■ Work to complete ■
Once the line containing "Hasbro Star Wars: The" is reached in the listing below, reproduce it and all later lines through the final one exactly, but omit any pictures.

■ Data below ■
+-------+
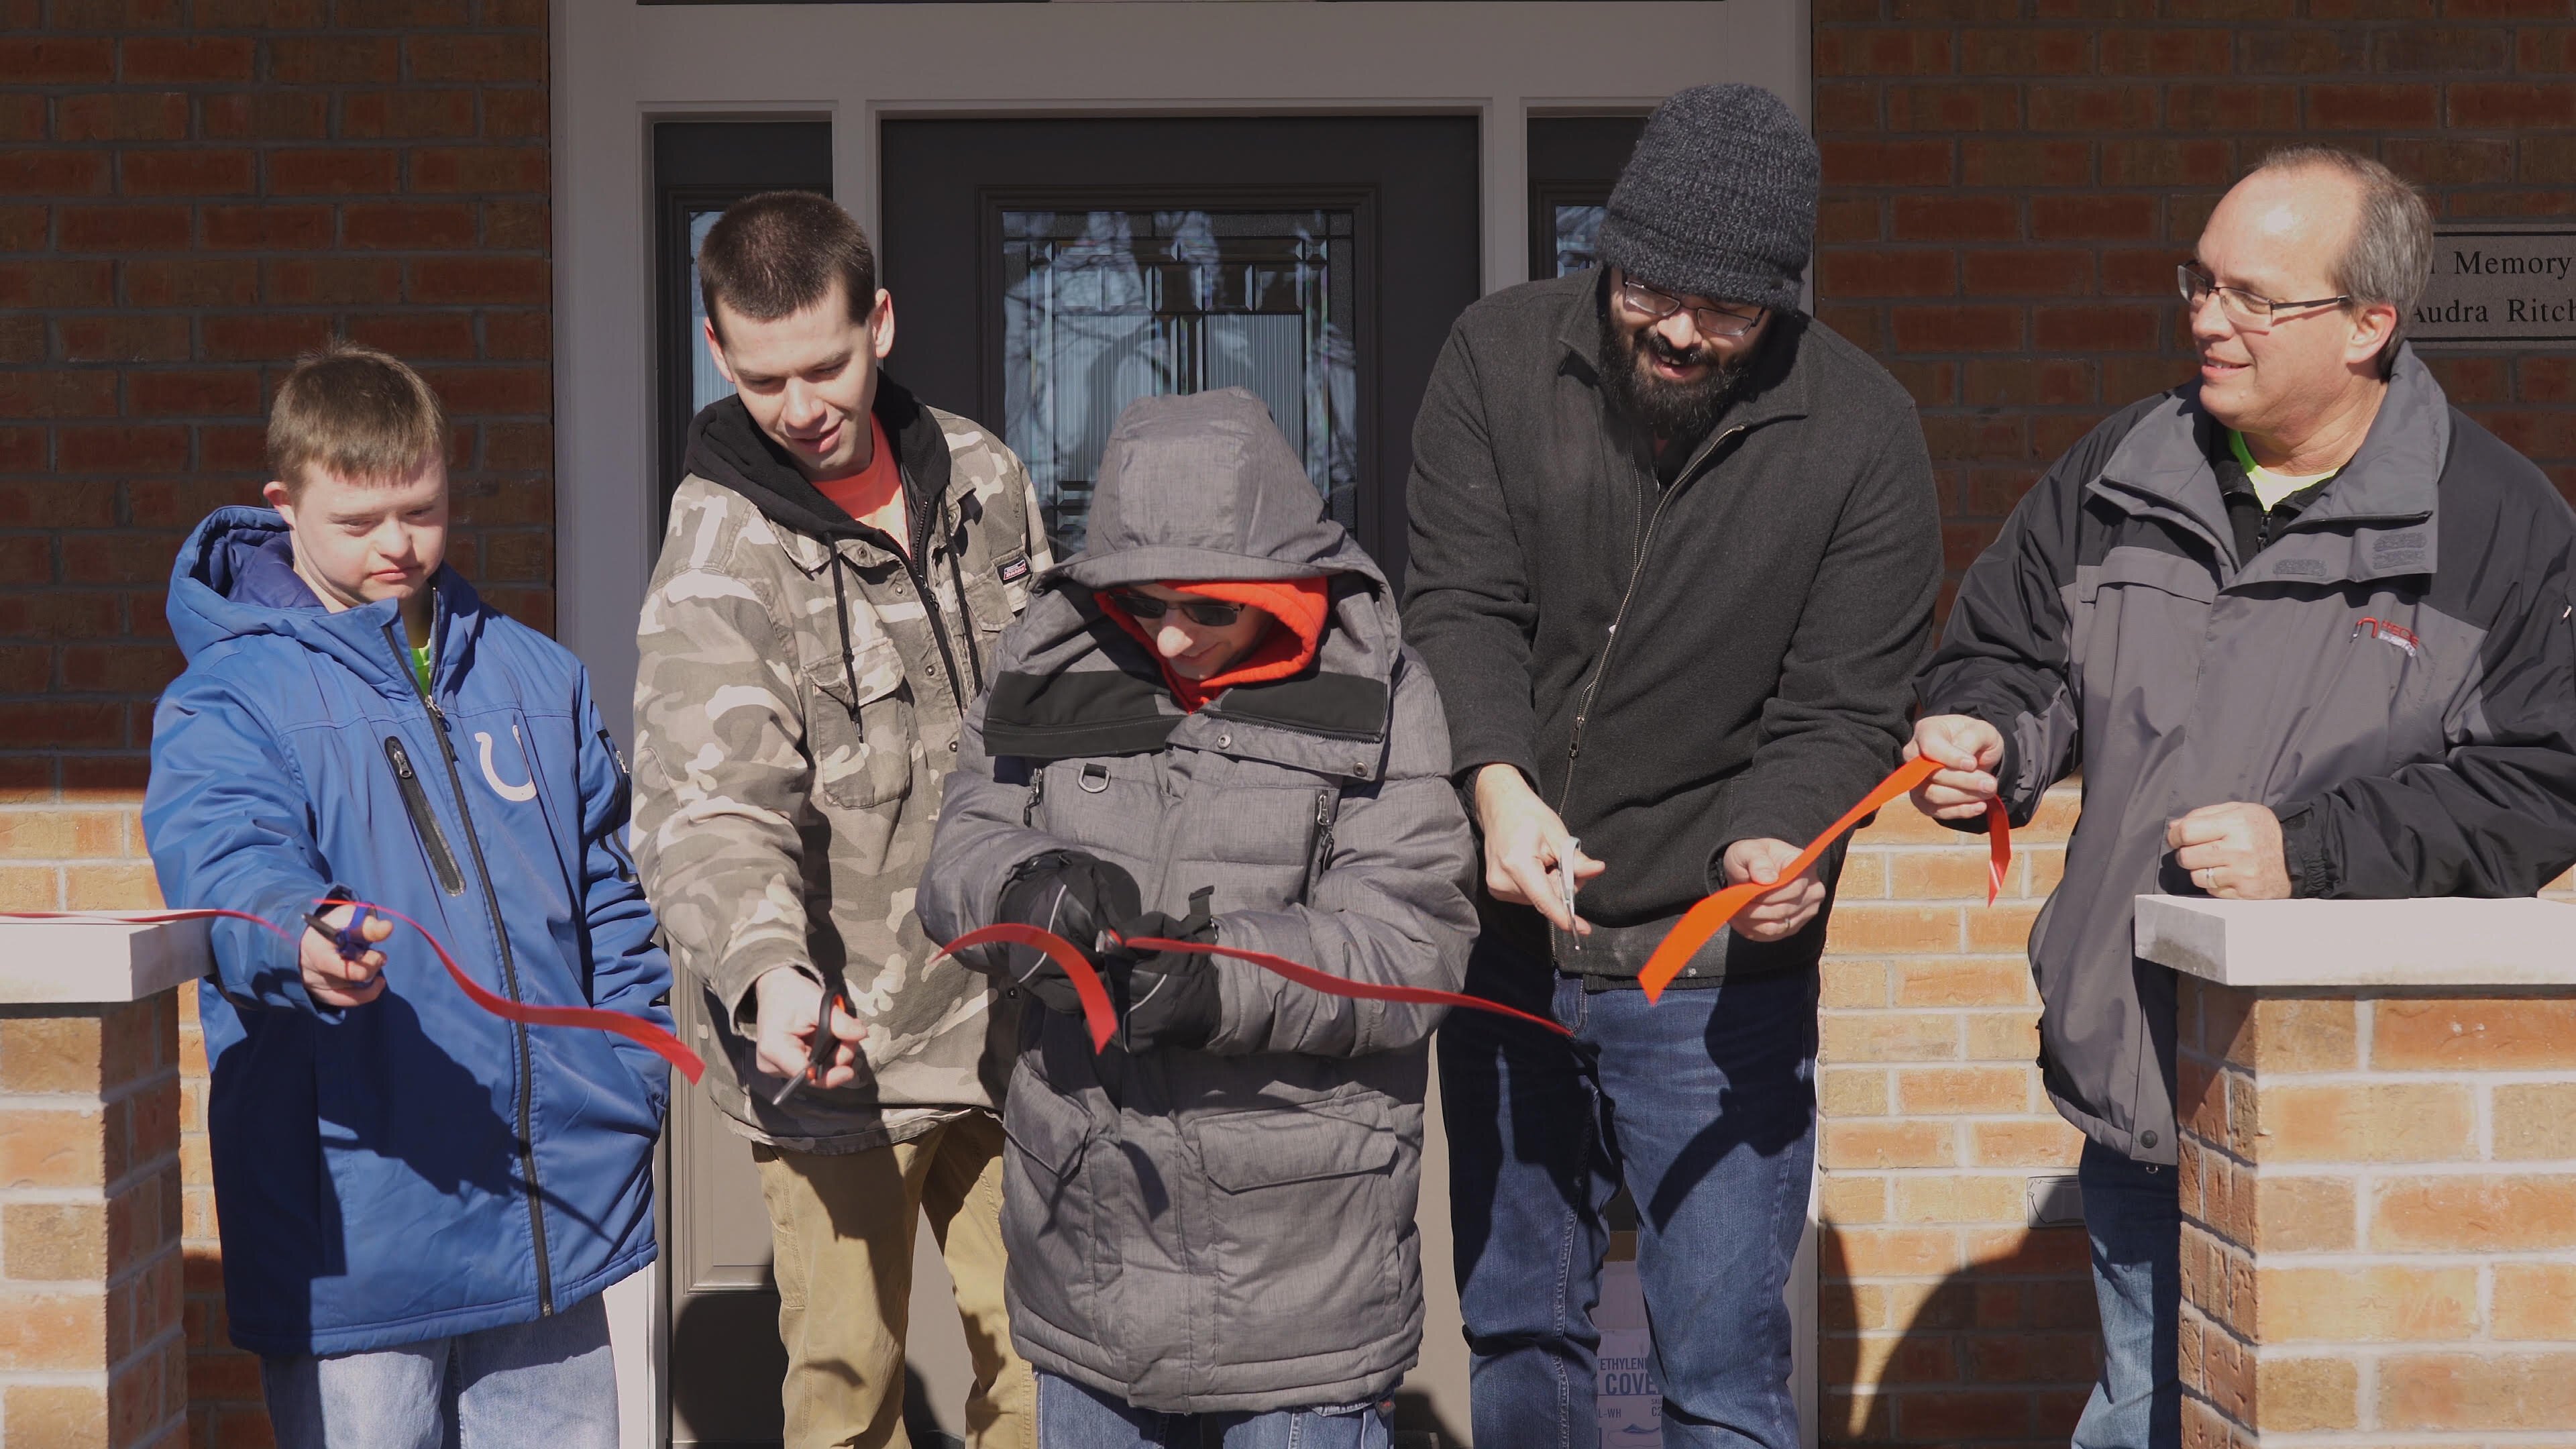 CASS Housing for people with developmental disabilities launched its first Independent Living home in January 2019. Its second home is finishing up in May 2020.
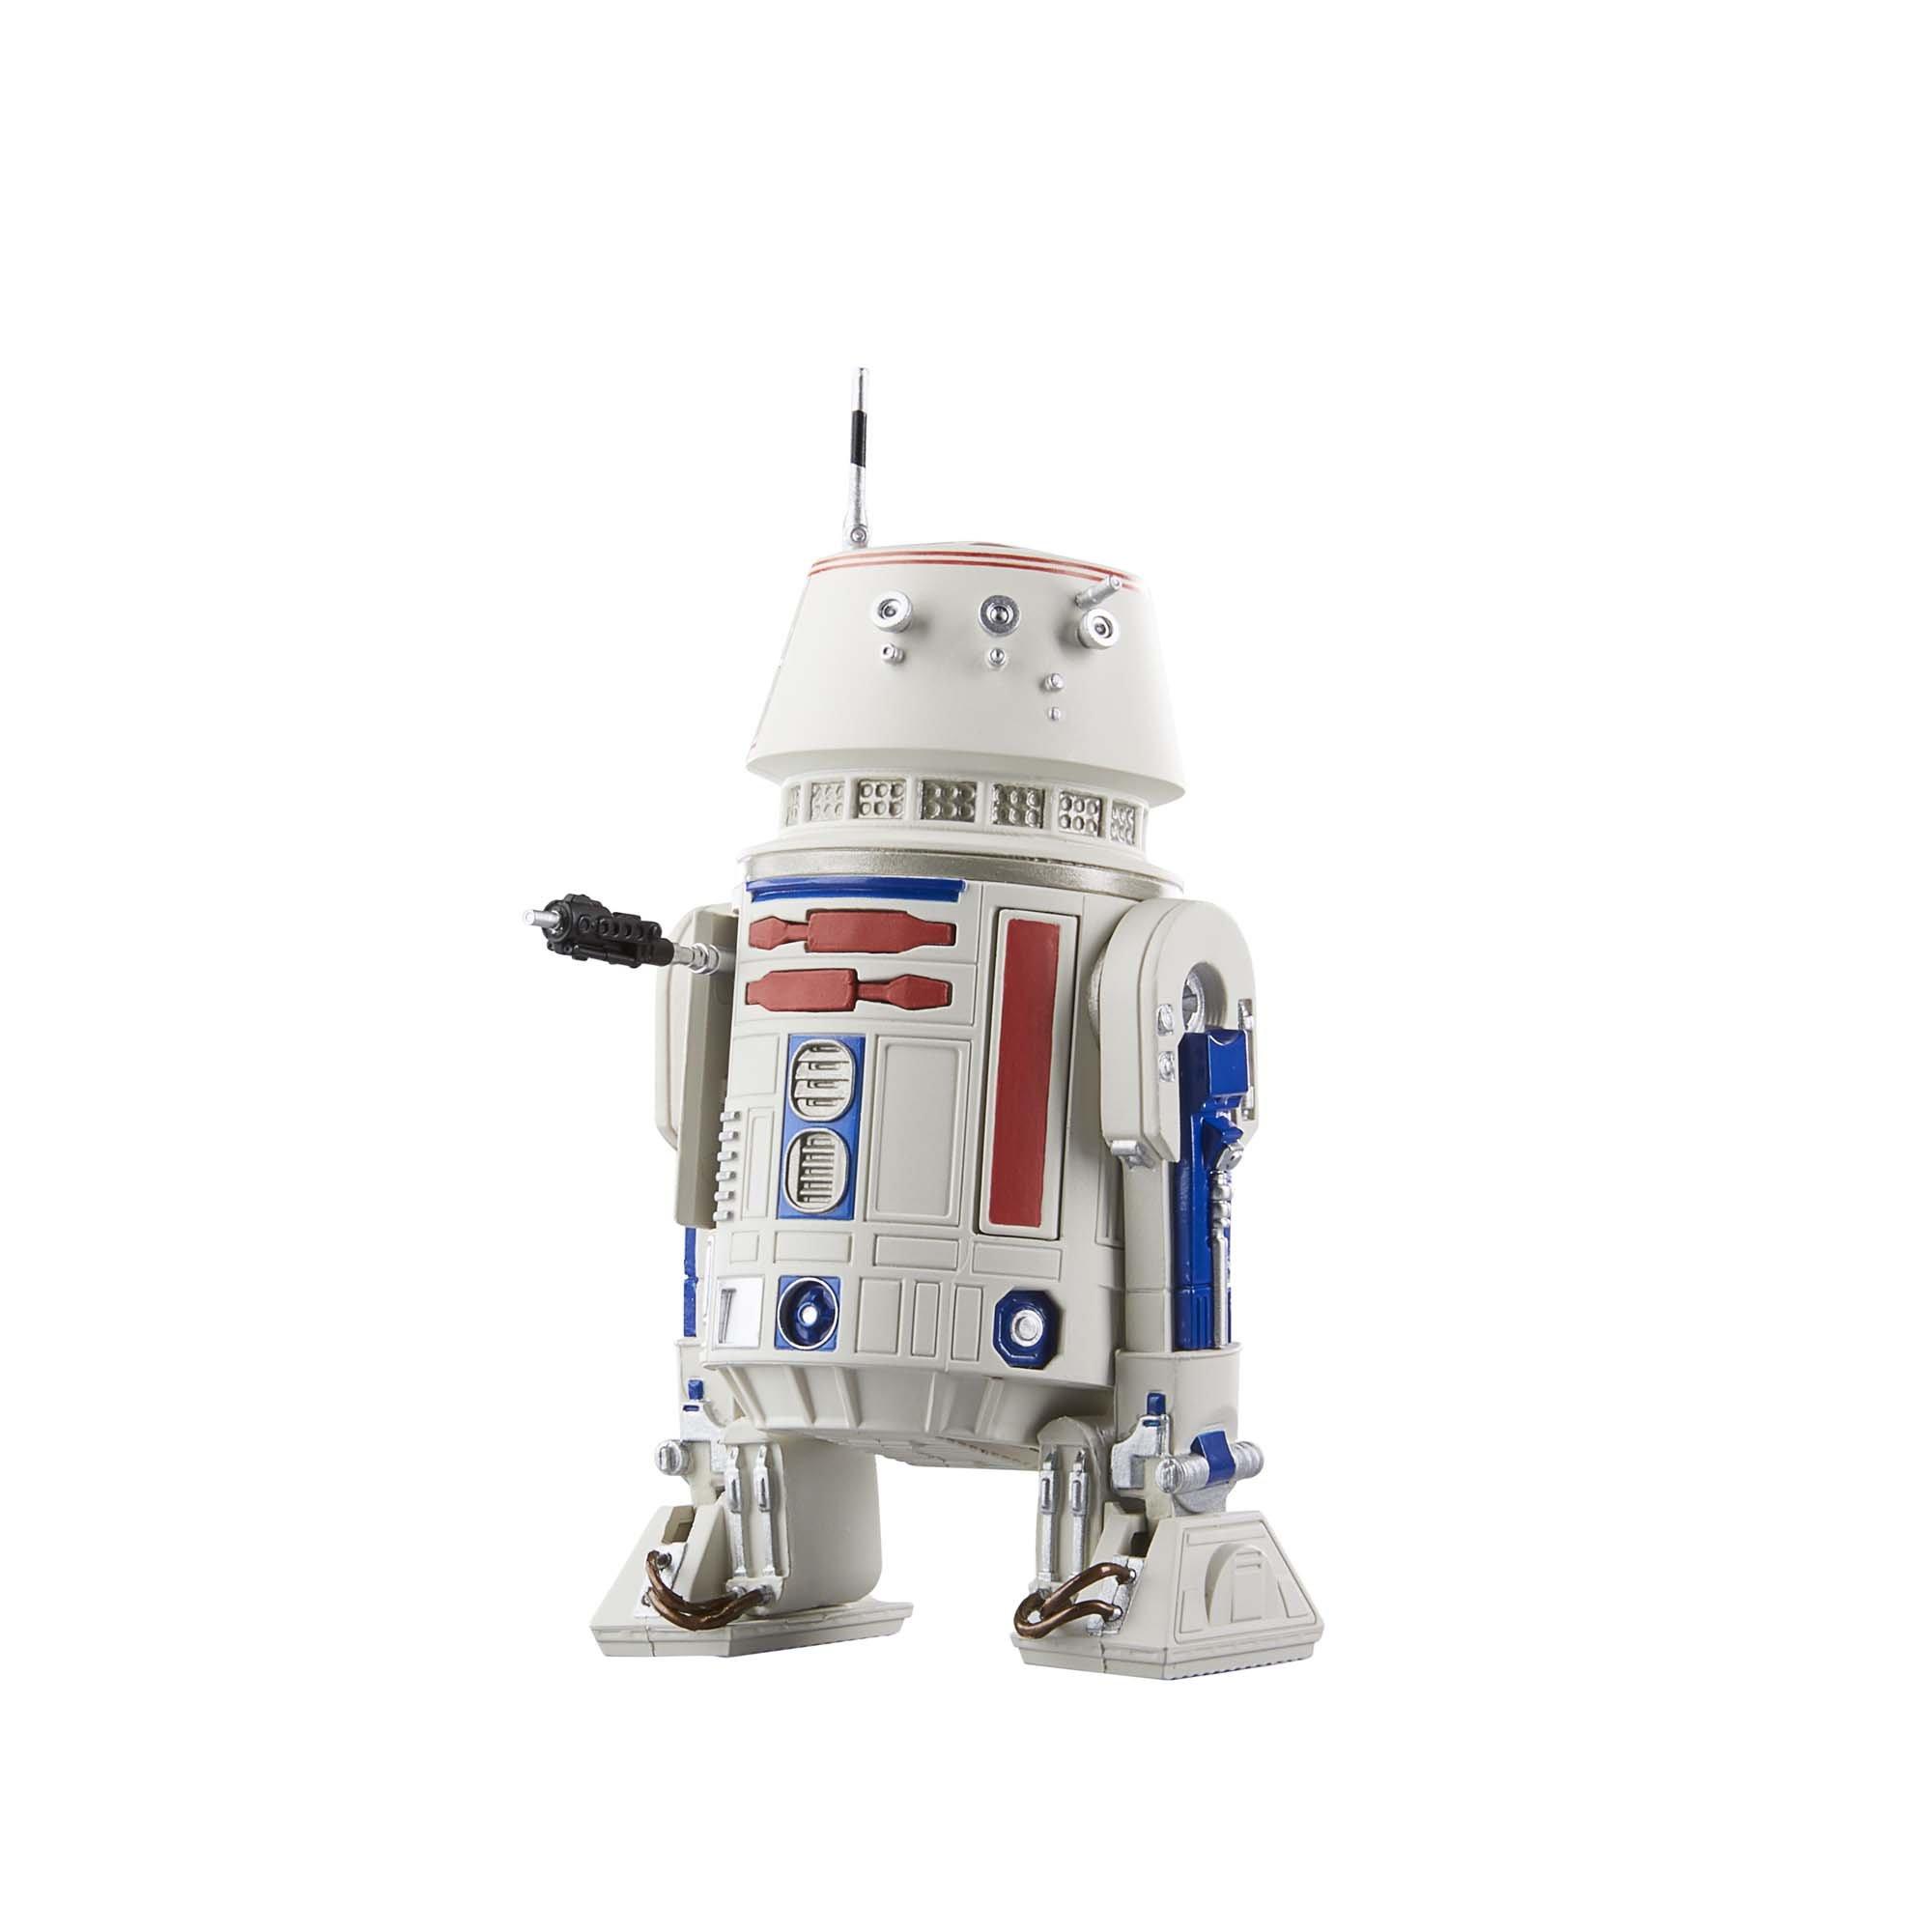 Hasbro Star Wars: The Black Series Star Wars: The Mandalorian R5-D4 - 6-in Action Figure
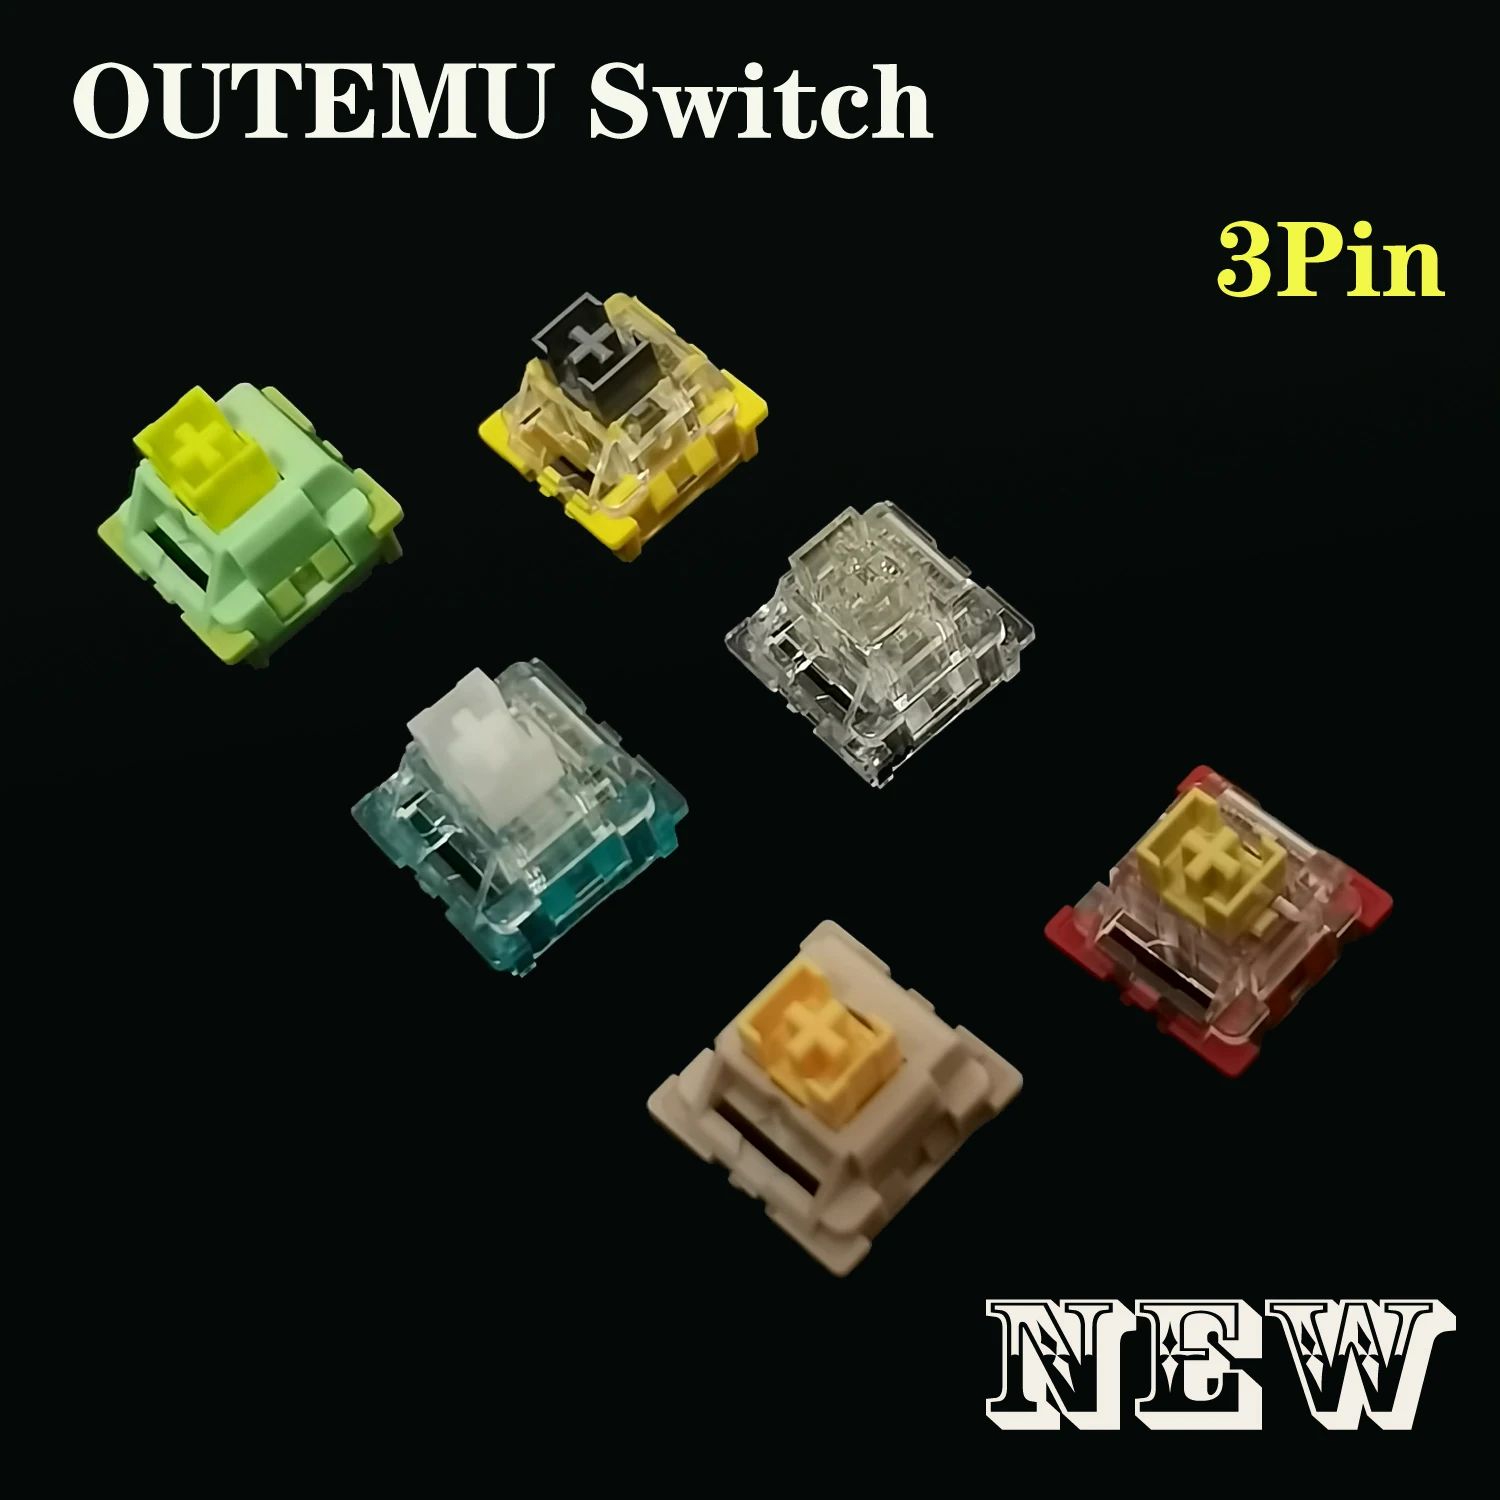 

Outemu Silent Switches Mechanical Keyboard Switch 3Pin Clicky Linear Tactile Peach Holy Panda Lemon Switch RGB Gaming MX Switch
+-------+
■ Result for this exercise ■
 Hasbro Star Wars: The Black Series Star Wars: The Mandalorian R5-D4 - 6-in Action Figure

Outemu Silent Switches Mechanical Keyboard Switch 3Pin Clicky Linear Tactile Peach Holy Panda Lemon Switch RGB Gaming MX Switch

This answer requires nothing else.